Samuel Provoost was an American Clergyman. He was the first Bishop of the Episcopal Diocese of New York, as well as the third Presiding Bishop of the Episcopal Church, USA. He was consecrated as bishop of New York in 1787 with Bishop William White. He was the first Episcopal Bishop of Dutch and Huguenot ancestry.

Samuel Seabury was the first American Episcopal bishop, the second Presiding Bishop of the Episcopal Church in the United States of America, and the first Bishop of Connecticut. He was a leading Loyalist in New York City during the American Revolution and a known rival of Alexander Hamilton.

Robert Smith was a prelate of the Episcopal Church who was the first Bishop of South Carolina between 1795 and 1801.

Colonel John Tayloe II was a planter and politician, among the richest planters in colonial Virginia. He served in public office including the Virginia Governor's Council, also known as the Virginia Council of State.

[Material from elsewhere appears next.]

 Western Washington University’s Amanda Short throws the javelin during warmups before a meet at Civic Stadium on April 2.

James Taylor V (1769–1848) was an American banker, Quartermaster general, and one of the wealthiest early settlers of Kentucky. He was a founder of the city of Newport, Kentucky.

Benjamin Waller was descended from a Virginia family established in the state since the 17th century. He was born in King William County, Virginia, the son of Col. John and Dorothy (King) Waller, and was trained as a lawyer utilizing the legal library of Sir John Randolph. Benjamin Waller was a clerk of the general court for a number of years and, in 1777, he was named presiding judge of the court of admiralty in Williamsburg, Virginia. Subsequently he served as a judge on the first Court of Appeals where he remained until 1785 when the court moved to Richmond, Virginia.

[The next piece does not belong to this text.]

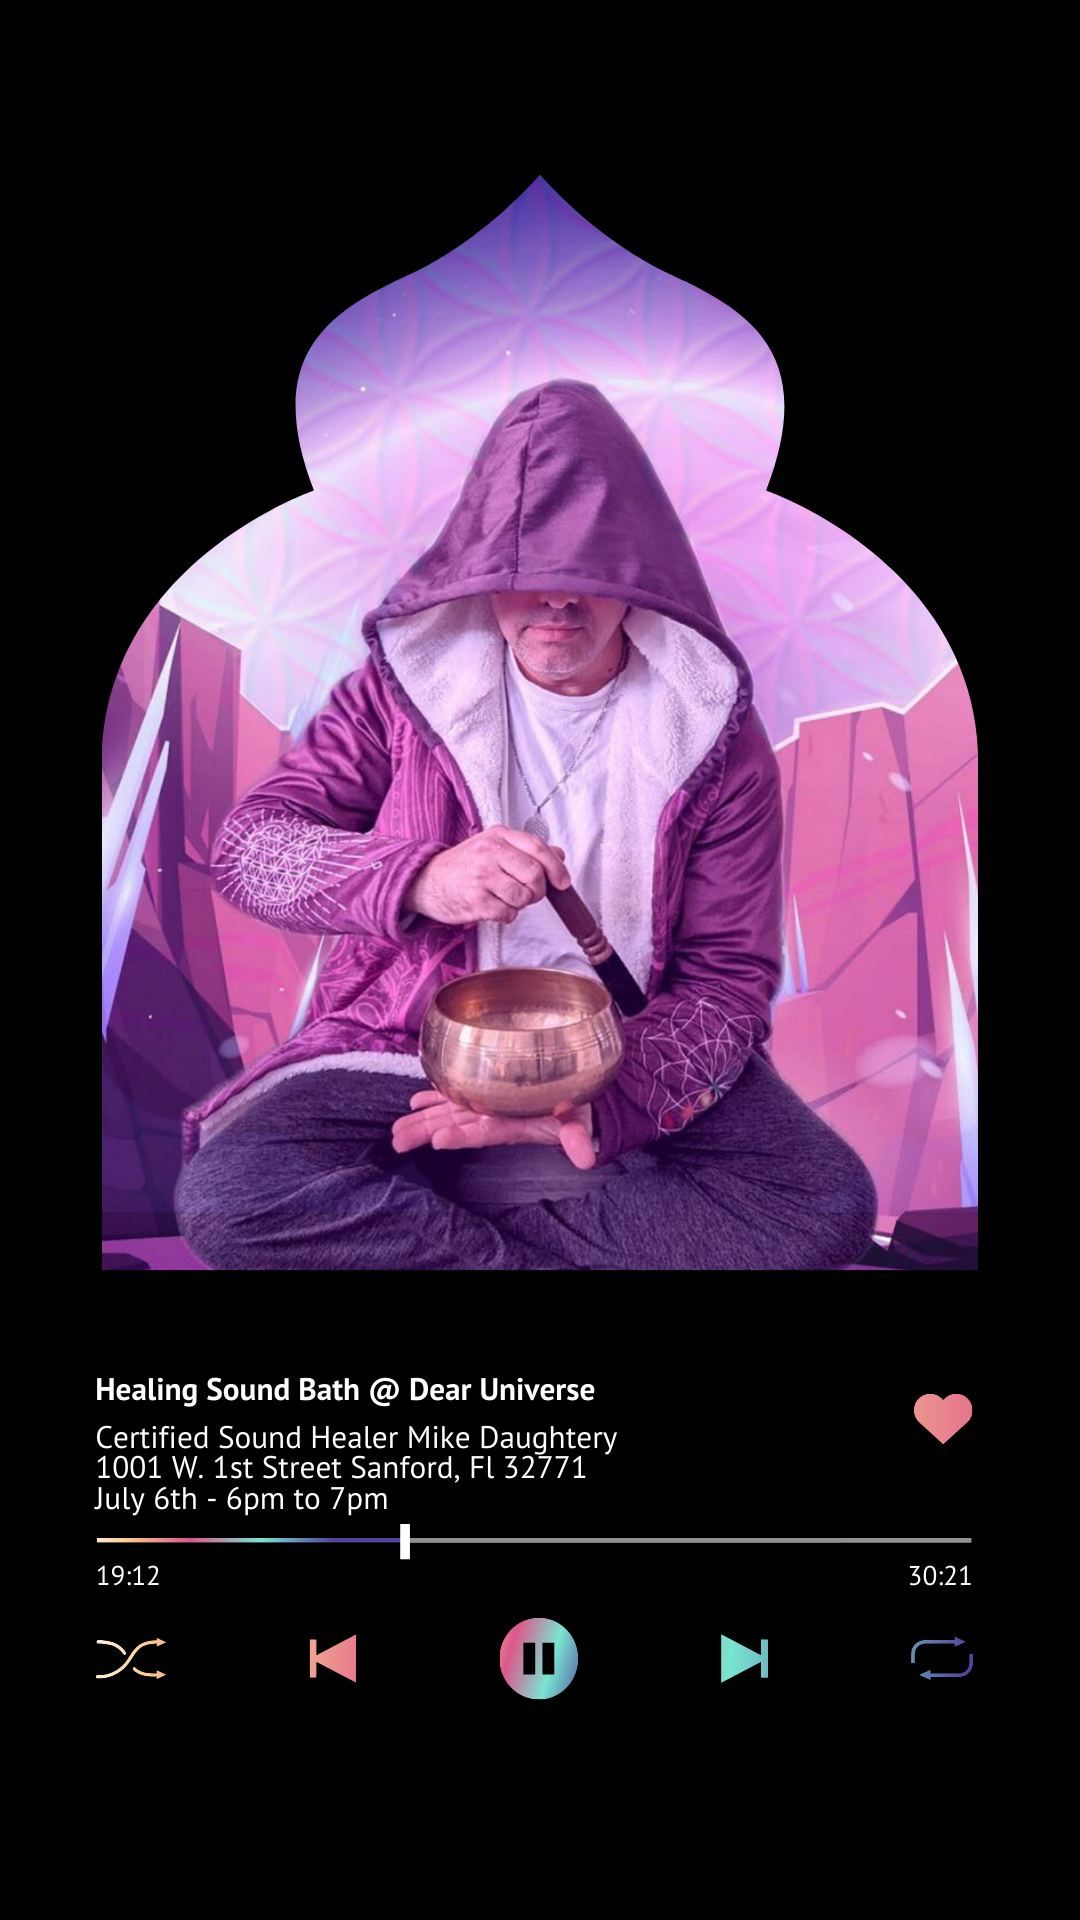 Healing Sound Bath With Certified Sound Healer Mike D @ Dear Universe

Augustine Washington Sr. was the father of the first U.S. President, George Washington. He belonged to the Colony of Virginia's landed gentry and was a planter and slaveholder.

Bushrod Washington was an attorney and politician who served as Associate Justice of the Supreme Court of the United States from 1798 to 1829. On the Supreme Court, he was a staunch ally of Chief Justice John Marshall.

John Washington (1631–1677) was an English planter, soldier, and politician in colonial Virginia in North America. He was a lieutenant colonel in the local militia. Born in Hertfordshire, England, he settled in Westmoreland County, Virginia. He is the patriarch of the Washington family, being the colonist paternal English ancestor and great-grandfather of George Washington, general of the Continental Army and first president of the United States of America.

John Augustine Washington (1736–1787) was a member of the fifth Virginia Convention and a founding member of the Mississippi Land Company. During the American Revolution he was a member of Westmoreland County's Committee of Safety and the Chairman of the County Committee for Relief of Boston.

Lawrence Washington (1718–1752) was an American soldier, planter, politician, and prominent landowner in colonial Virginia. As a founding member of the Ohio Company of Virginia, and a member of the colonial legislature representing Fairfax County, he also founded the town of Alexandria, Virginia on the banks of the Potomac River in 1749.

Martha Washington was the wife of George Washington, the first President of the United States. Although the title was not coined until after her death, Martha Washington served as the inaugural First Lady of the United States. During her lifetime, she was often referred to as "Lady Washington".

Mary Washington, was the second wife of Augustine Washington, a planter in Virginia, and the mother of George Washington, the first President of the United States, and five other children. Washington lived a large part of her life in Fredericksburg, Virginia, where many monuments were erected in her honor and a university plus other public buildings bear her name.

Samuel Washington was a colonial American officer and politician who was the brother of United States President George Washington.

William White was the first and fourth Presiding Bishop of the Episcopal Church of the United States, the first bishop of the Diocese of Pennsylvania (1787–1836), and the second United States Senate Chaplain. He also served as the first and fourth President of the House of Deputies for the General Convention of the Episcopal Church.